Big fires. If Eddie was still in there…
Coughing, she picked her way through the rubble. No sign of her husband. ‘Eddie!’ she cried. ‘Can you hear me? Where are you?’
No answer. The heat was rising, the flames in the processing facility raging harder. There was no way anyone in the chamber could still be alive.
A rattle of shifting debris — and a section of collapsed ceiling shifted aside to reveal a singed, bruised, but still very much alive bald Yorkshireman beneath. ‘Ay up,’ Eddie managed to gasp, before erupting into a coughing fit.
Nina pulled him from the wreckage. ‘You maniac ! What happened?’
‘Muzzle flash plus flammable gas equals, well, that,’ he said between coughs, jerking a thumb at the ruins of the adjoining room. ‘I’m okay, just a bit scorched.’ He recovered the axe, then they made their way down the corridor. ‘Where’s Olivia?’
‘Outside.’ She glanced nervously back. ‘I don’t think Fenrir’s hotel will be taking many guests this season.’
‘The elves’ll be pissed off too.’
Olivia was waiting just outside the building, shivering in the icy wind. ‘Eddie, my God!
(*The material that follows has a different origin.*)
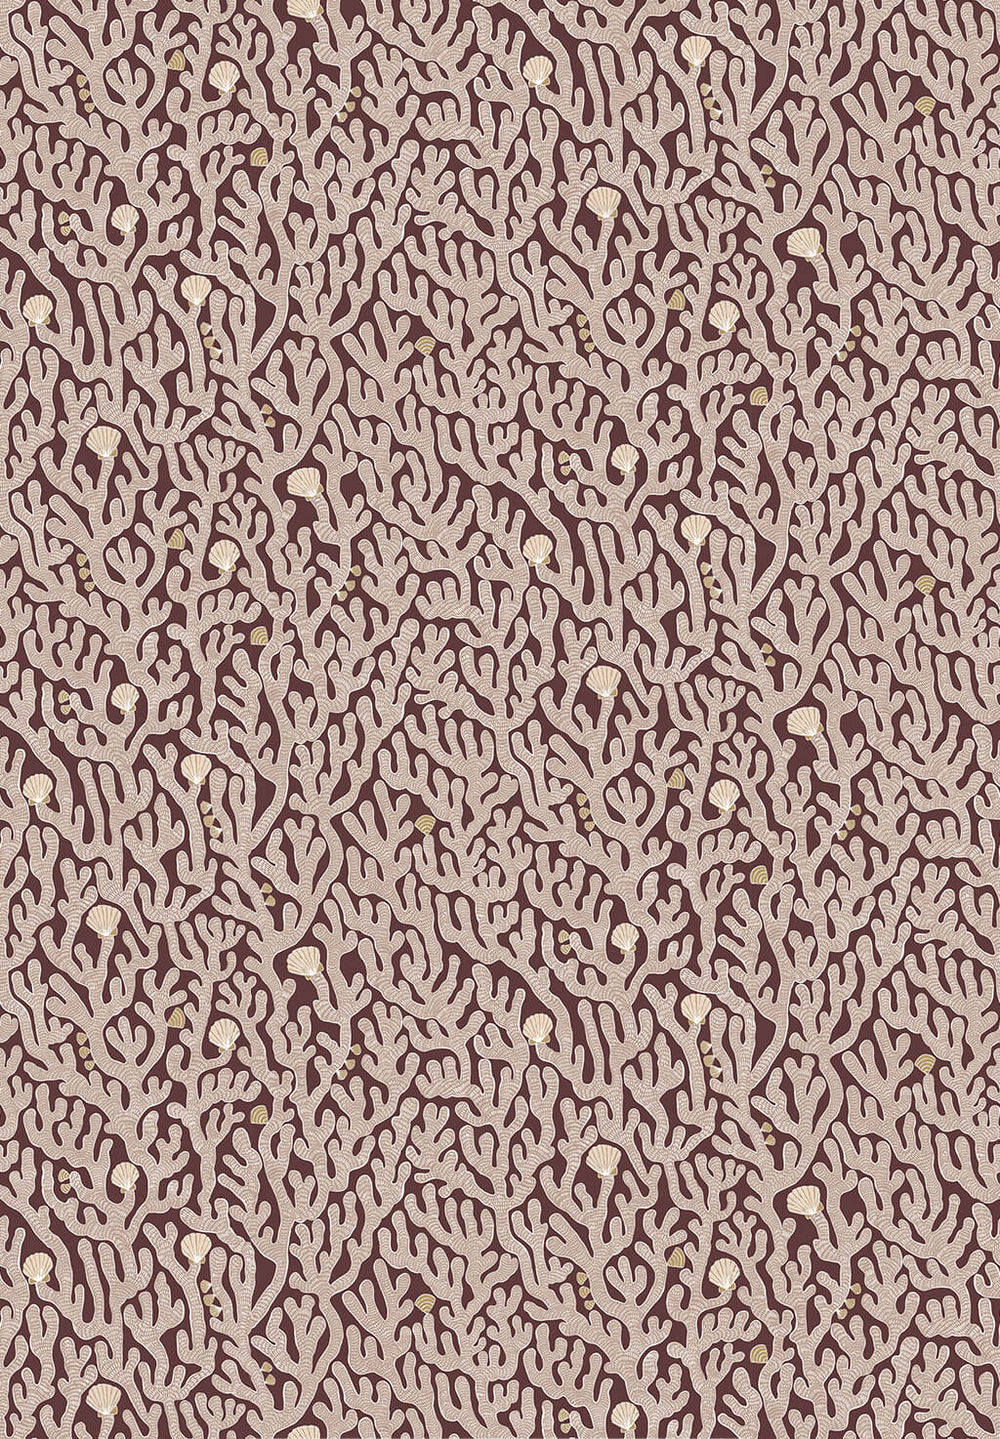 Josephine-munsey-wallpaper-coral-print-illustration-spicer-brown

After that explosion, I was sure you’d been killed.’
‘We’ve still got to get out of here,’ said Nina. They were on the hillside behind the hotel, the section housing the geothermal plant partly dug into the ground. The east wing was ahead down the slope, many windows broken and smoke rising from within. Only emergency lights remained lit, but they were enough to pick out hulking metal shapes sheltering beneath the elevated structure.